What every fundraiser can learn from The Charity Digital Toolkit

In our Charity Digital Skills Report with Skills Platform last month we mapped digital skills across the UK charity sector. Skills emerged as one of the biggest barriers to charities progressing with digital. 75% of charities told us that growing their digital skills would help them increase fundraising, yet 61% of charities rated their digital fundraising skills as fair to low. We partnered with Skills Platform to create a free resource for the sector, The Charity Digital Toolkit, to help charities develop their knowledge of digital.
We’ve brought together insights, experts and case studies in the toolkit, which covers everything from how to develop a digital strategy, to lessons about user journeys from GDS, charity CEOs on digital leadership, Diabetes UK and their approach to digital service delivery, the Charity Commission on digital governance and lots of advice on email marketing, SEO, and analytics. There is also a brilliant, in-depth case study from Marie Curie on how digital has changed their approach to fundraising. I encourage you to get a cup of tea and have a good read.
Here are the key points many of the fundraisers I know have told me they’ve taken away from the toolkit:
- You need to define what digital and digital transformation really mean to your charity. Yes, digital means new ways of working, reaching your audience and using technology, but it will also have major implications for your organisational strategy, your people and your business model. And if you are not asking yourself these questions, you are not doing it right. Digital should be part of most areas of your organisation. Yet inevitably, given that there are so many choices about what you could do online, you’ll need to prioritise, so decide what you will focus on. One non-profit I know thinks there are opportunities to generate income from digital products and services so is majoring on that, underpinned by a good strategy.
- Email marketing is an underrated channel for fundraising. Mandy Johnson shared her views on how charities who make more fundraising asks get better results from email marketing, provided that they keep emails short, regular, and to the point.
- There is no substitute for knowing your audience. So many charities I know have still not got round to developing personas and user journeys yet. Personas are profiles of typical supporters and user journeys involve mapping out all the stages at which your audience could interact with your charity and its products and services. GDS’s advice and frameworks demonstrate how any charity, including those with a tight budget, can develop a better understanding of its audience. The only other things you need to make this happen are an afternoon with a group of colleagues, flip-chart paper and pens, and a packet of biscuits.
- Analytics and data are everything. With the GDPR looming, and charities under ever growing pressure to show results to their boards, fundraisers must keep developing their skills in this area. As Matt Collins says in this chapter, how are you going to know what success looks like unless you measure it?
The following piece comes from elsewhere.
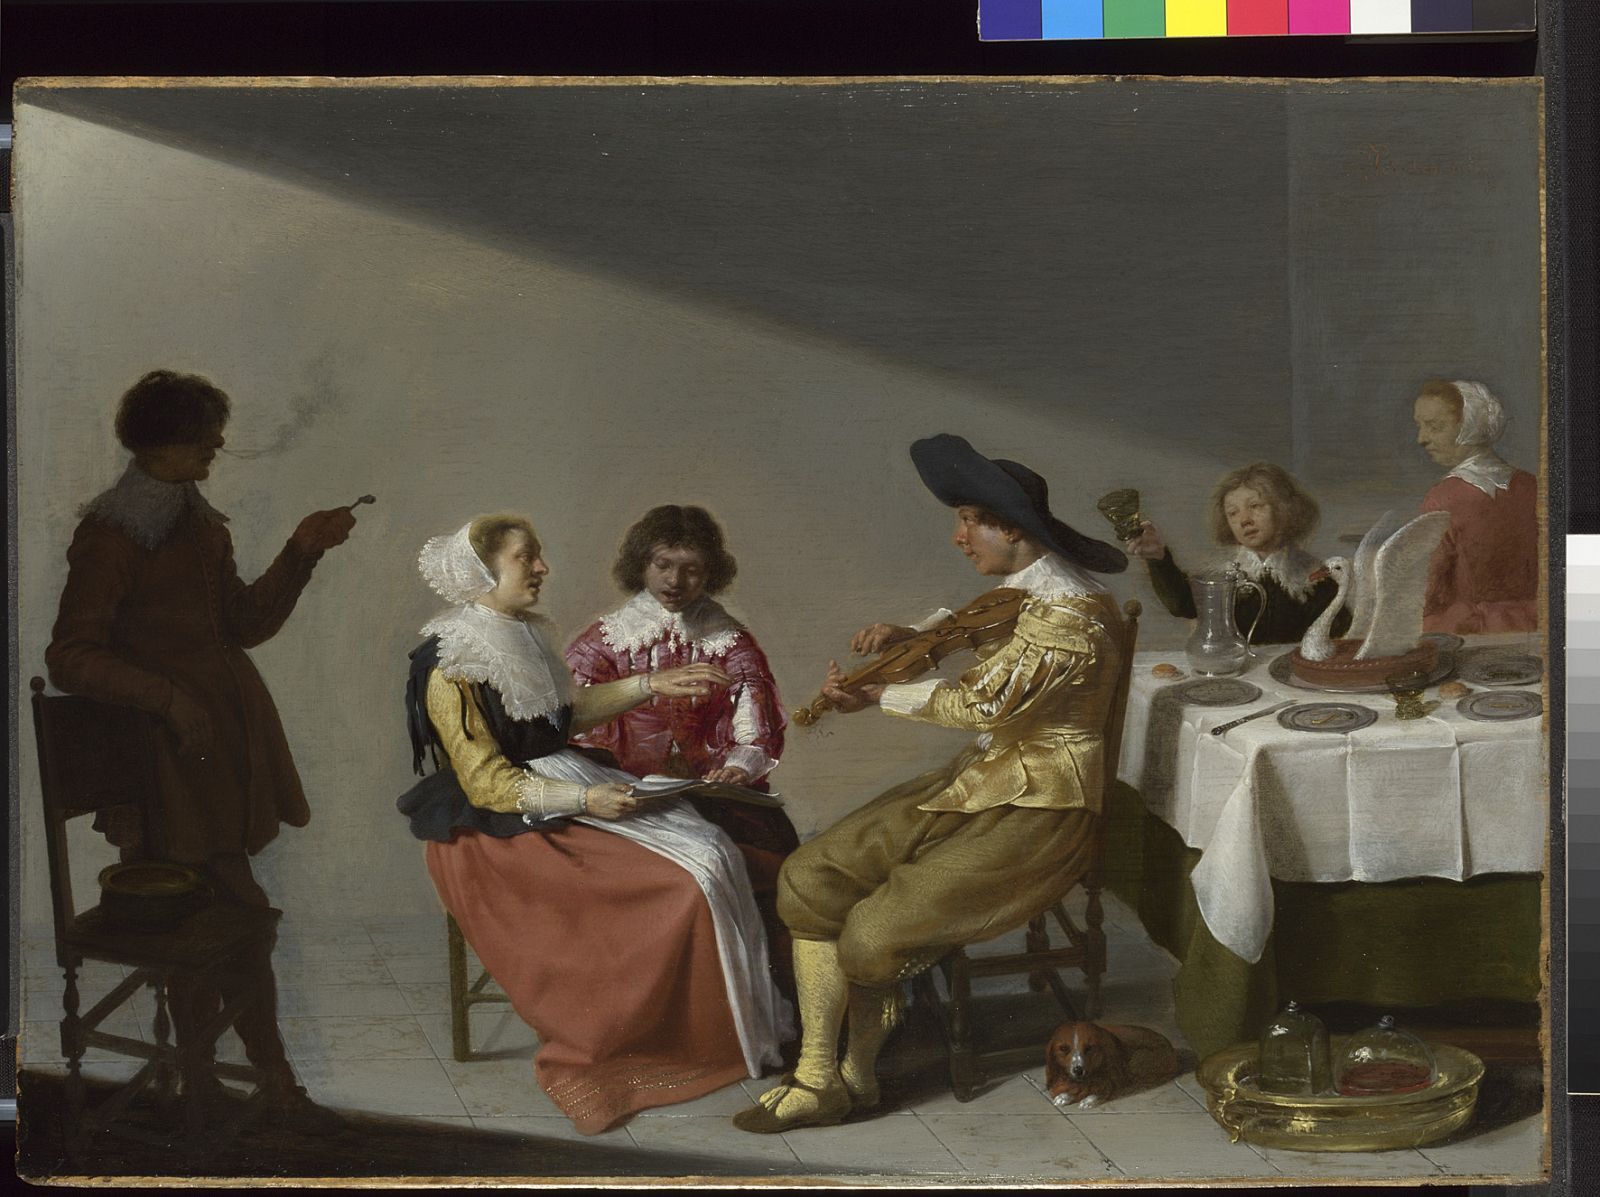 Este cuadro de Jacob van Velsen titulado Una fiesta musical es uno de los que acompaña a los lienzos de Vermeer en la muestra

- Even charities who are doing digital fundraising well are learning too. One of the things I loved about the chapter by Steve Armstrong (Head of Digital at Marie Curie) is that it shows how they are still testing and learning. Steve was refreshingly honest about what is going well (e.g. their adoption of a campaign management tool) and areas which they see offering future potential (e.g growing fundraising from younger donors via digital channels).
- Have an eye on the future. In the toolkit Beth Kanter counsels charities to keep abreast of trends such as crowdfunding, video, messaging apps and augmented reality. New innovations in digital arrive think and fast and canny fundraisers are quick to jump on the ones which could be most useful to their charities.
We hope you enjoy The Charity Digital Toolkit and would love to hear what you think of it.